◆ THE PROBLEM: Start to finish, print the data below exactly, without the images.

◆ COLLECTED MATERIAL:
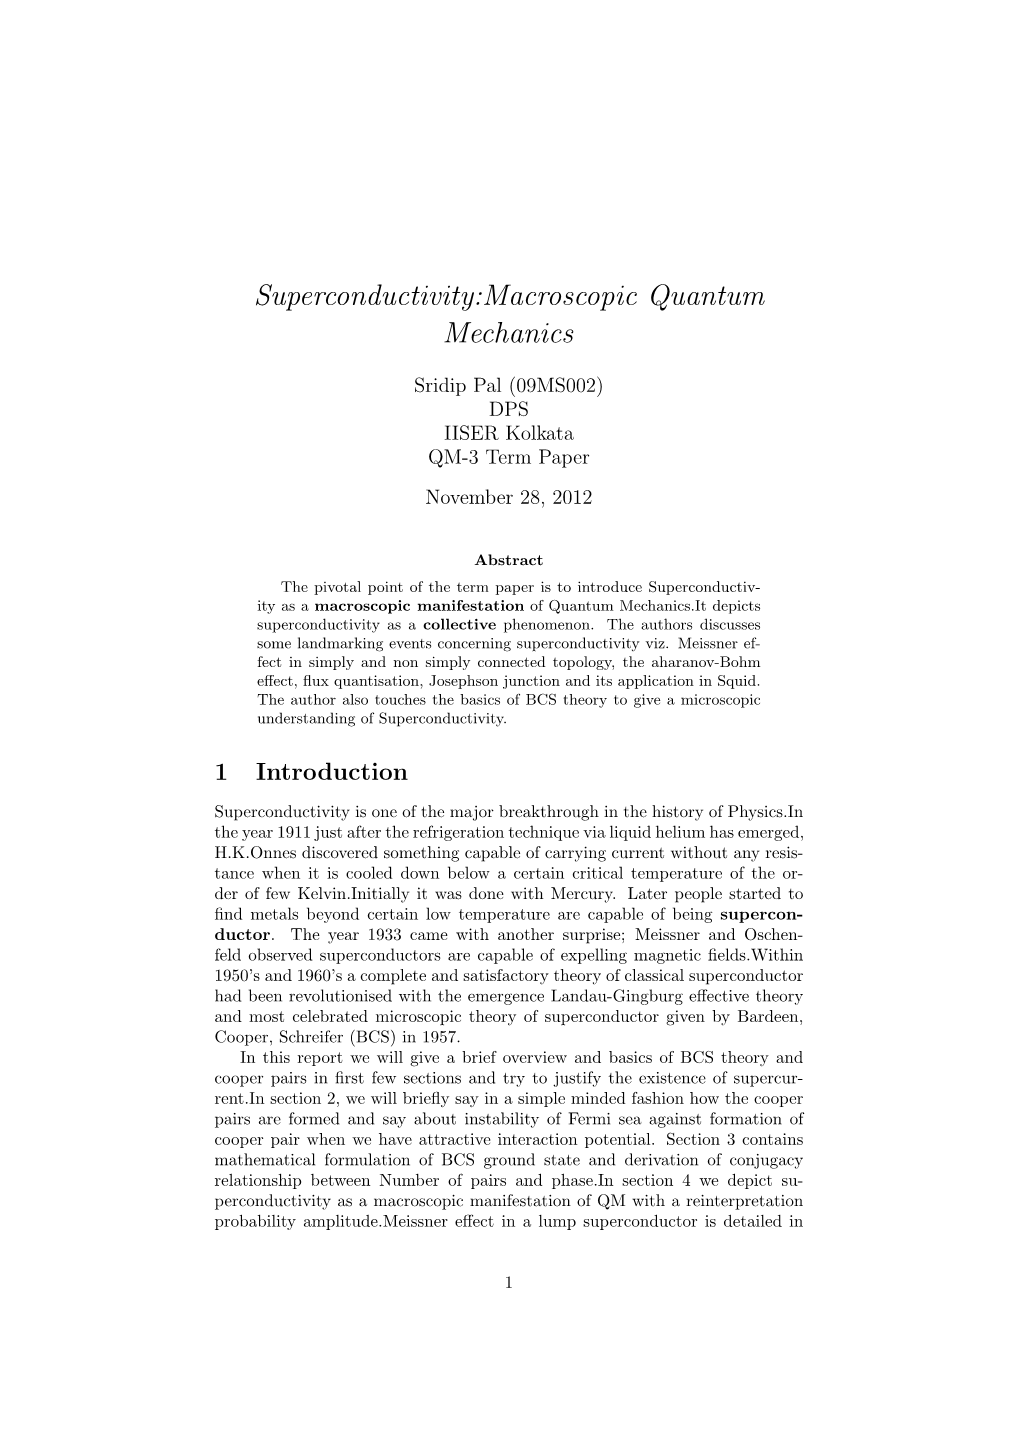 Superconductivity:Macroscopic Quantum Mechanics
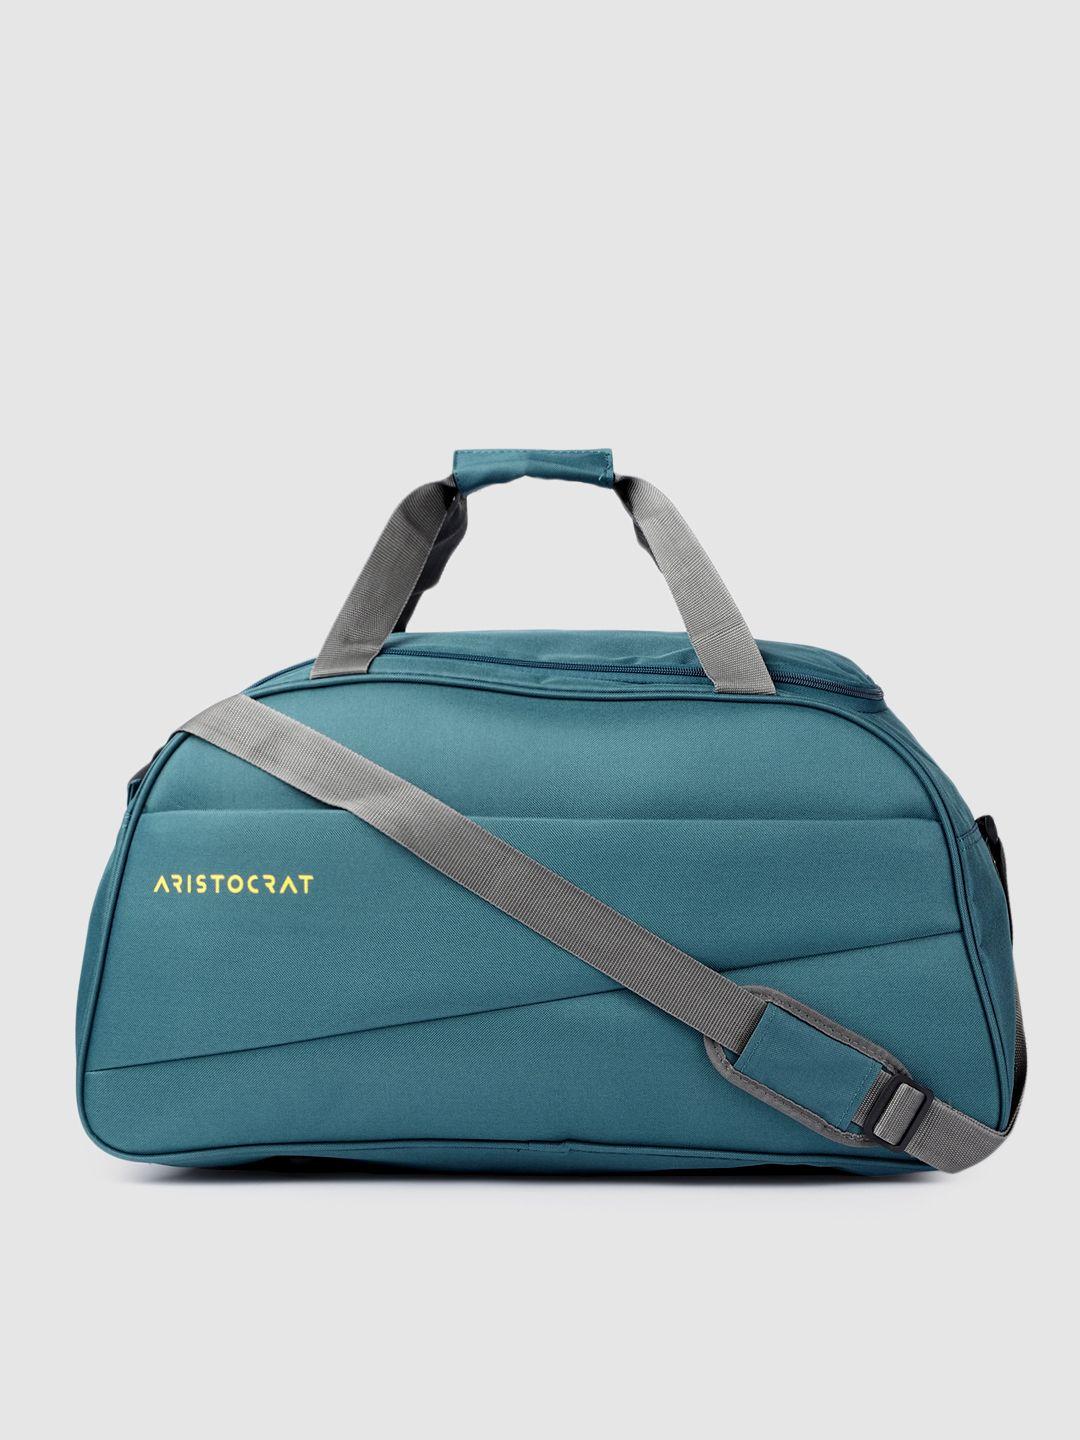 Aristocrat Teal Blue Solid Large Duffel Bag
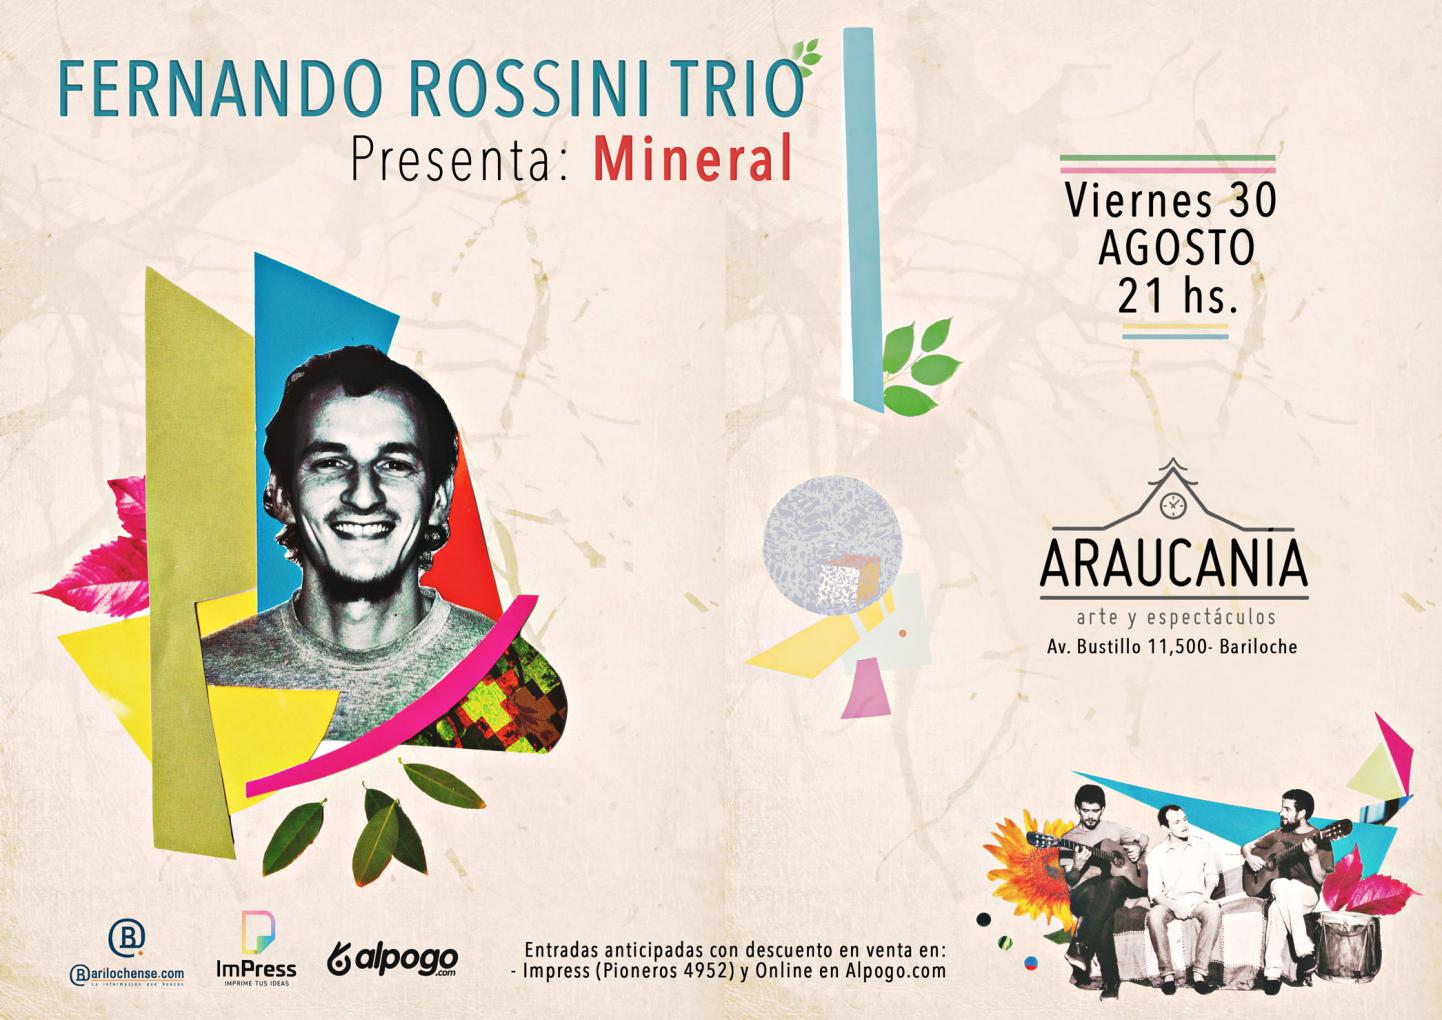 El talentoso m&uacute;sico tucumano Fernando Rossini vuelve a  Bariloche para presentar &#147;Mineral&#148;

◆ OUTPUT BELOW:
 Superconductivity:Macroscopic Quantum Mechanics
 Aristocrat Teal Blue Solid Large Duffel Bag
 El talentoso m&uacute;sico tucumano Fernando Rossini vuelve a  Bariloche para presentar &#147;Mineral&#148;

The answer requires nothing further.